- WORK REQUEST -
Output, exactly as written, the lines below starting at the line containing "Alternate Image 1" and ending at the line containing "2 BHK Apartment". Drop the pictures and keep both end lines.

- RAW DATA -
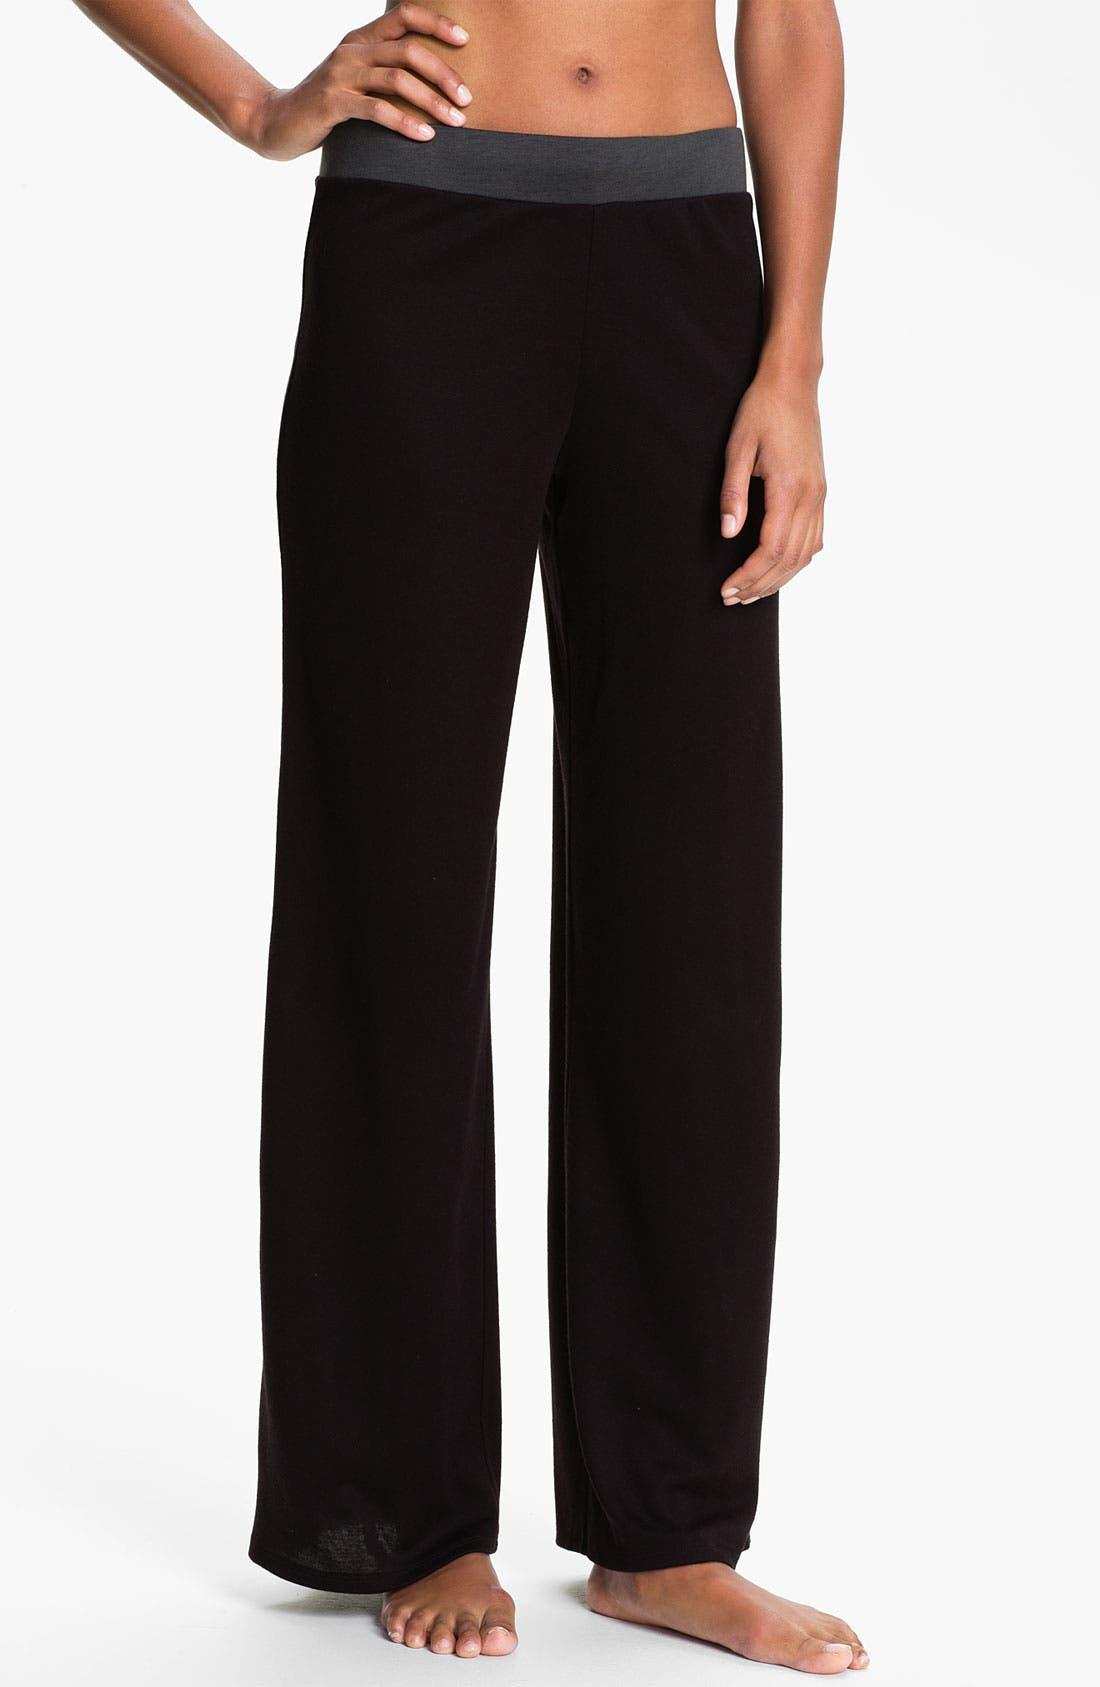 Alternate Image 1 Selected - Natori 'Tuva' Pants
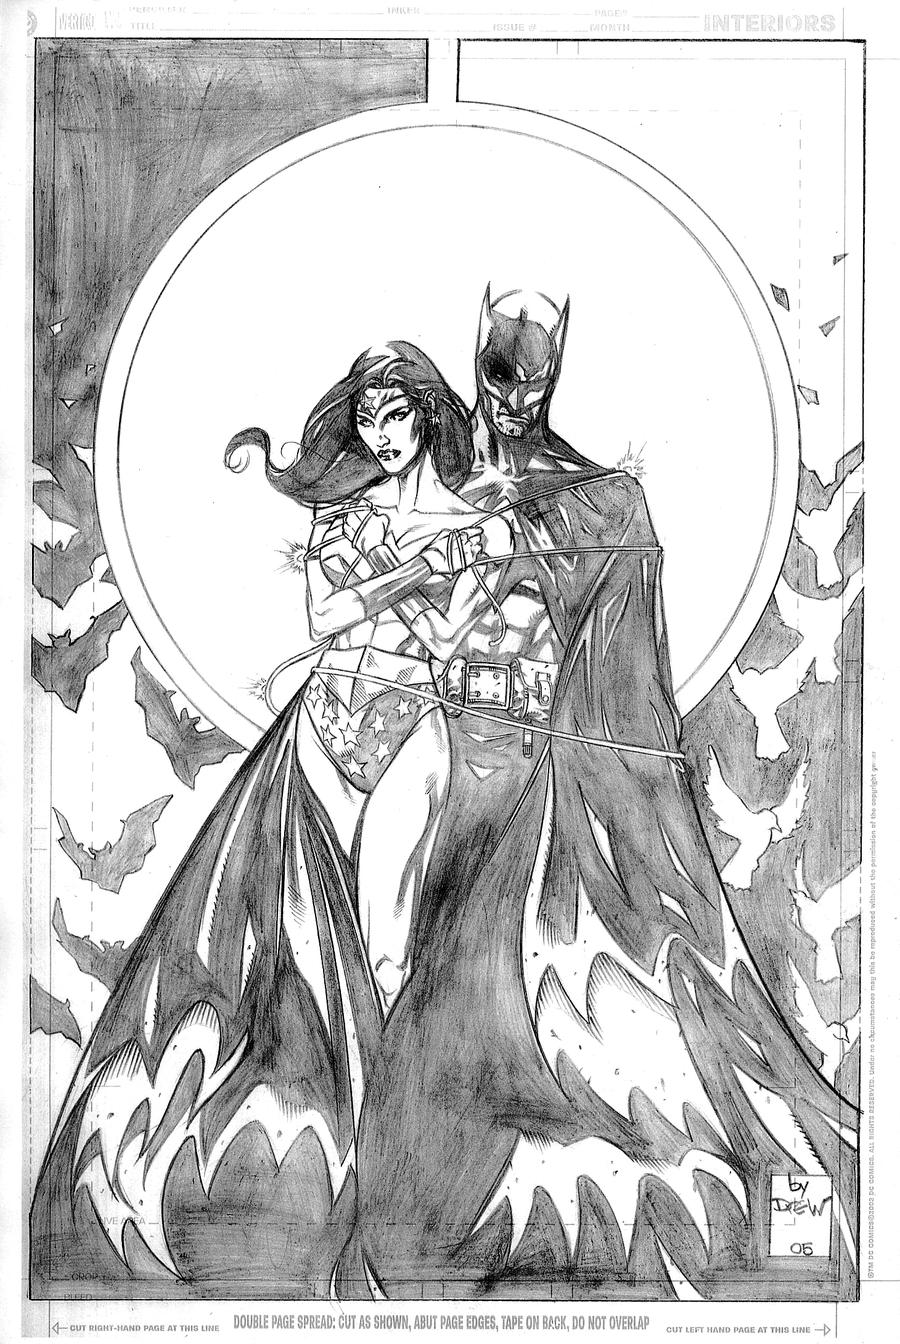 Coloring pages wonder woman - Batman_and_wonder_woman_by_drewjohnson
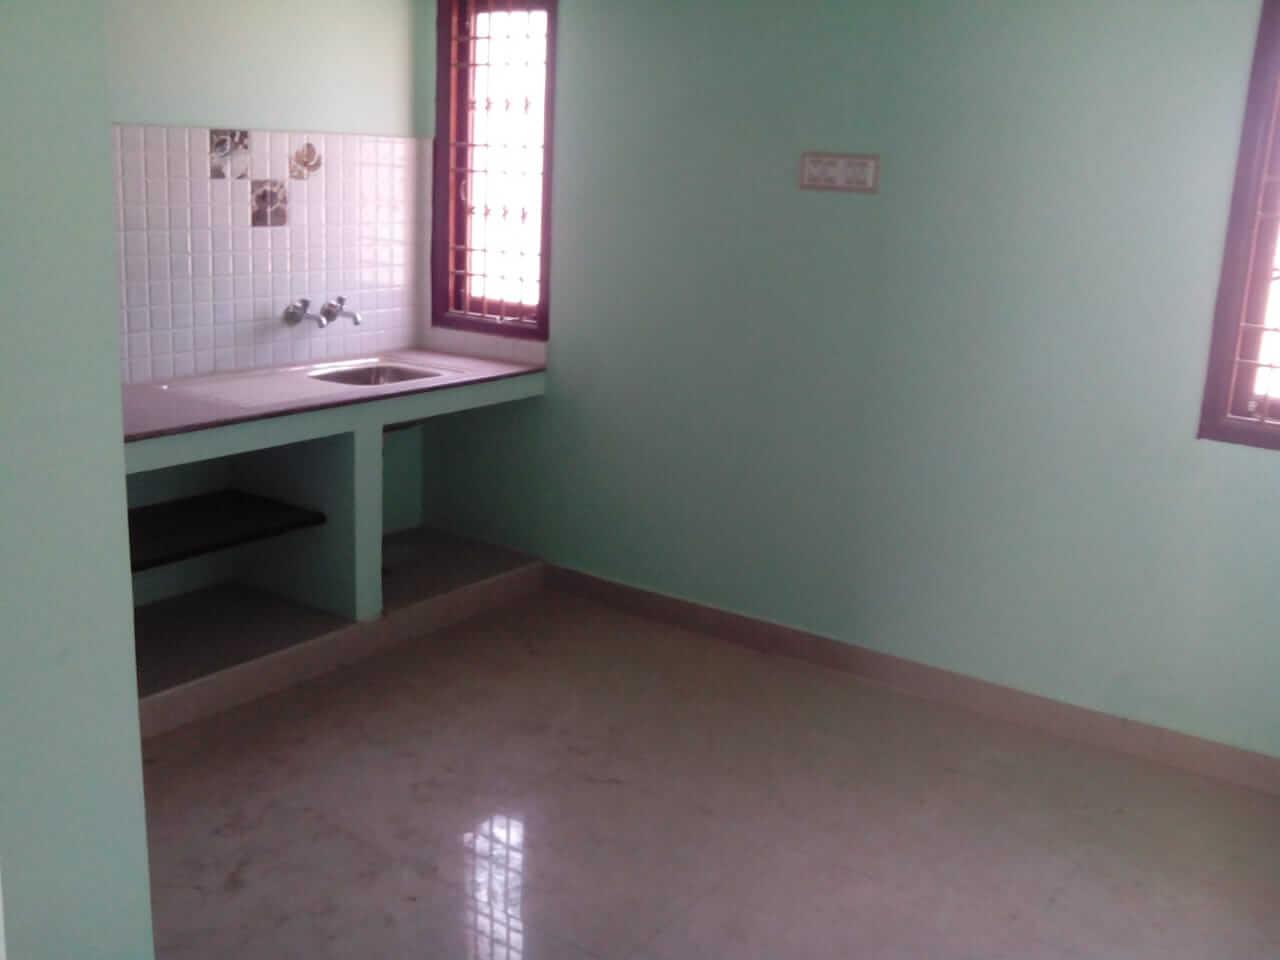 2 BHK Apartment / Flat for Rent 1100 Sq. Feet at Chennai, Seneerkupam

==

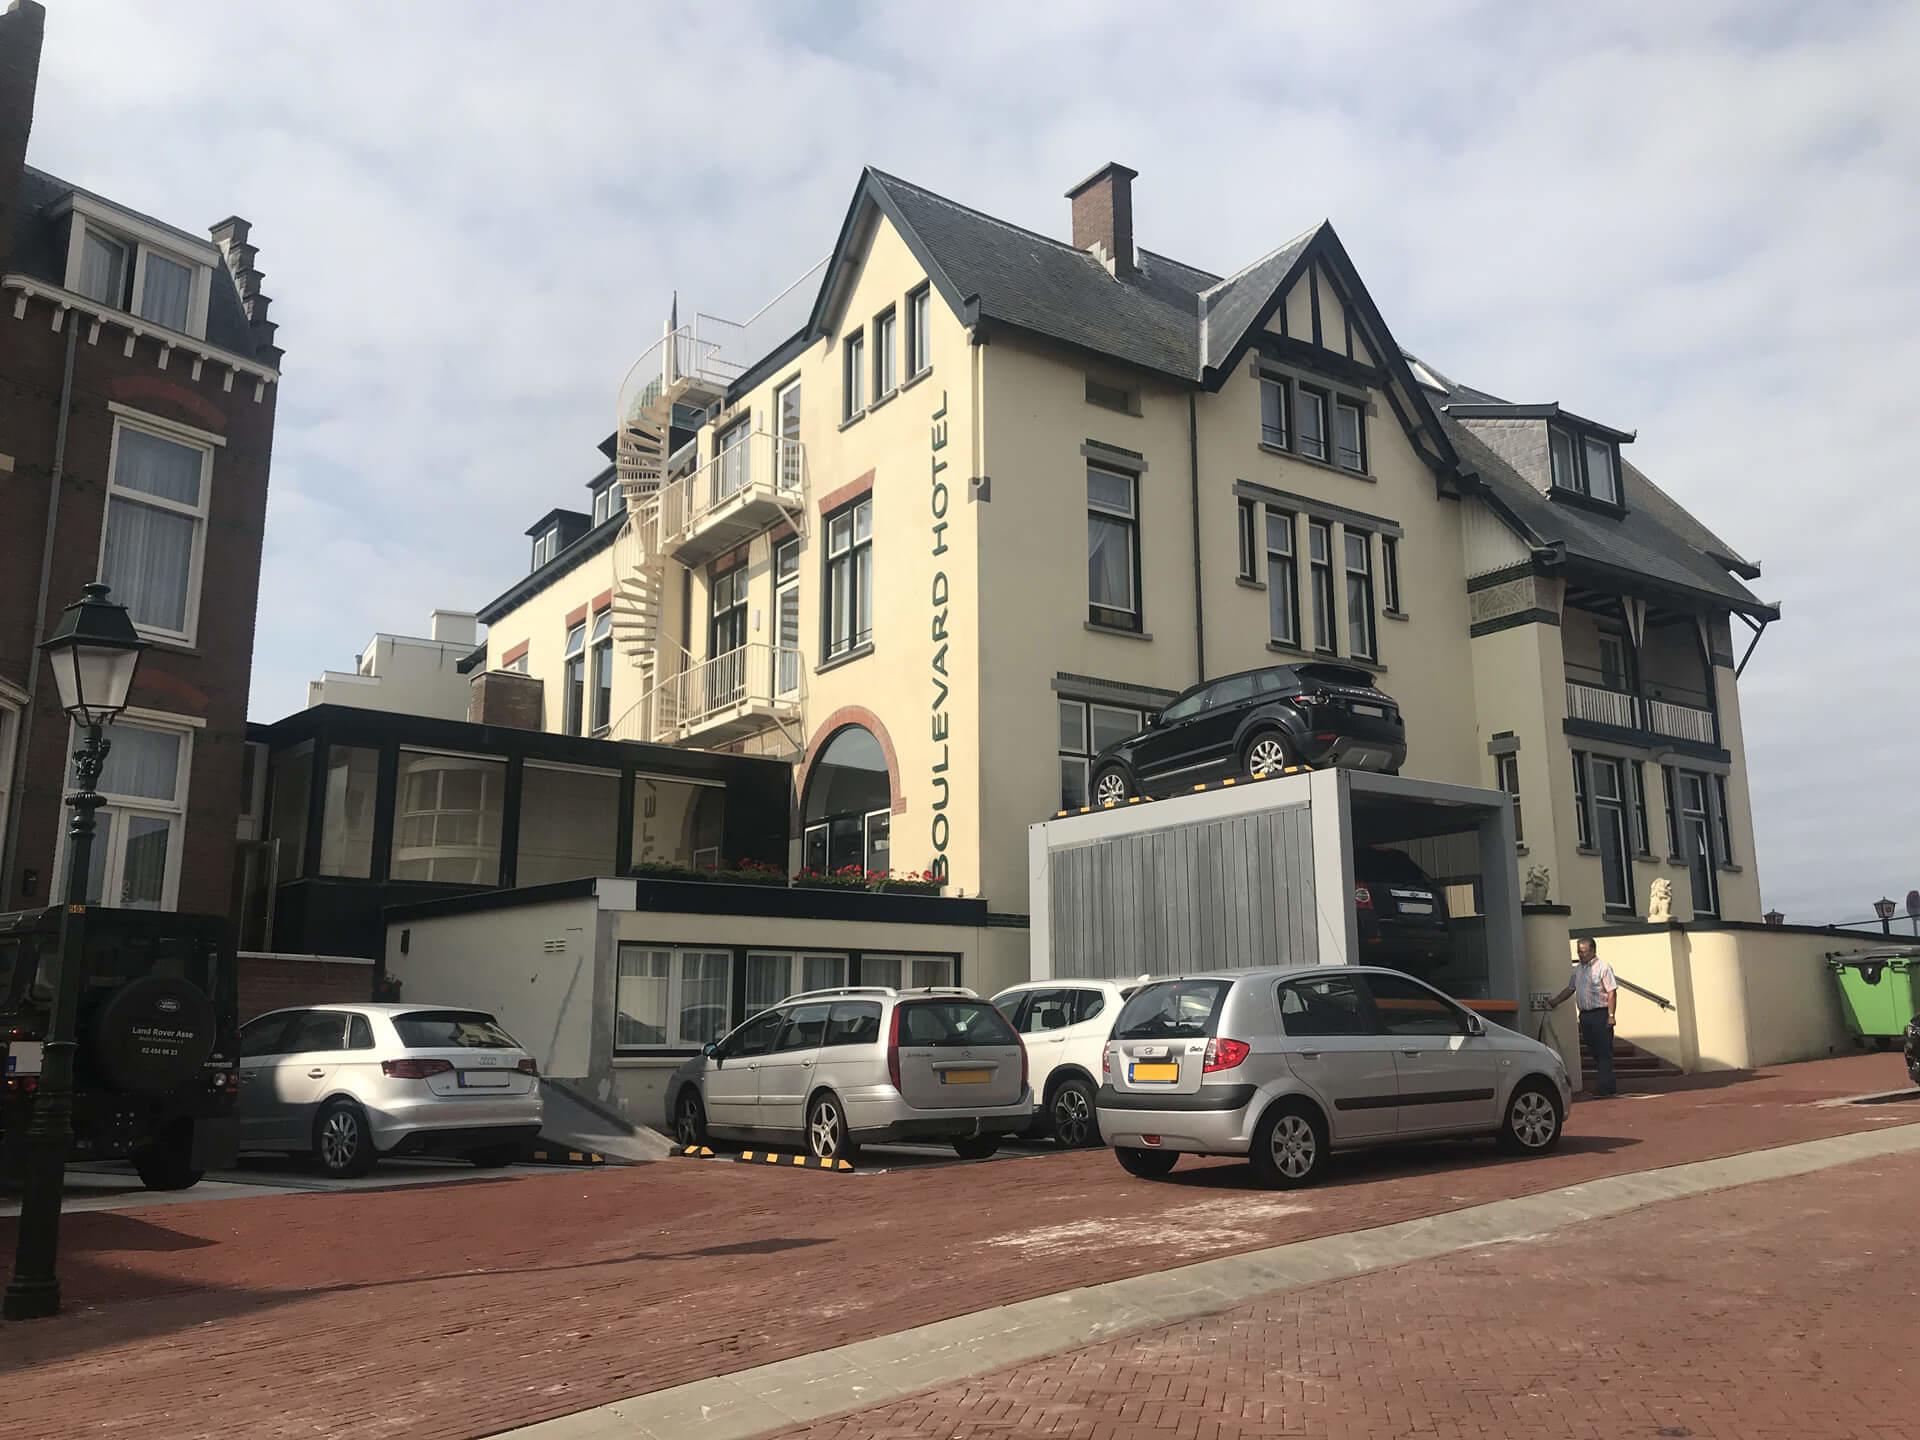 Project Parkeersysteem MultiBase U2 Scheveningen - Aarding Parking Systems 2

==

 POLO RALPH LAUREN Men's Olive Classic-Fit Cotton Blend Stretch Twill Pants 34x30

- ANSWER SECTION -
 Alternate Image 1 Selected - Natori 'Tuva' Pants
 Coloring pages wonder woman - Batman_and_wonder_woman_by_drewjohnson
 2 BHK Apartment / Flat for Rent 1100 Sq. Feet at Chennai, Seneerkupam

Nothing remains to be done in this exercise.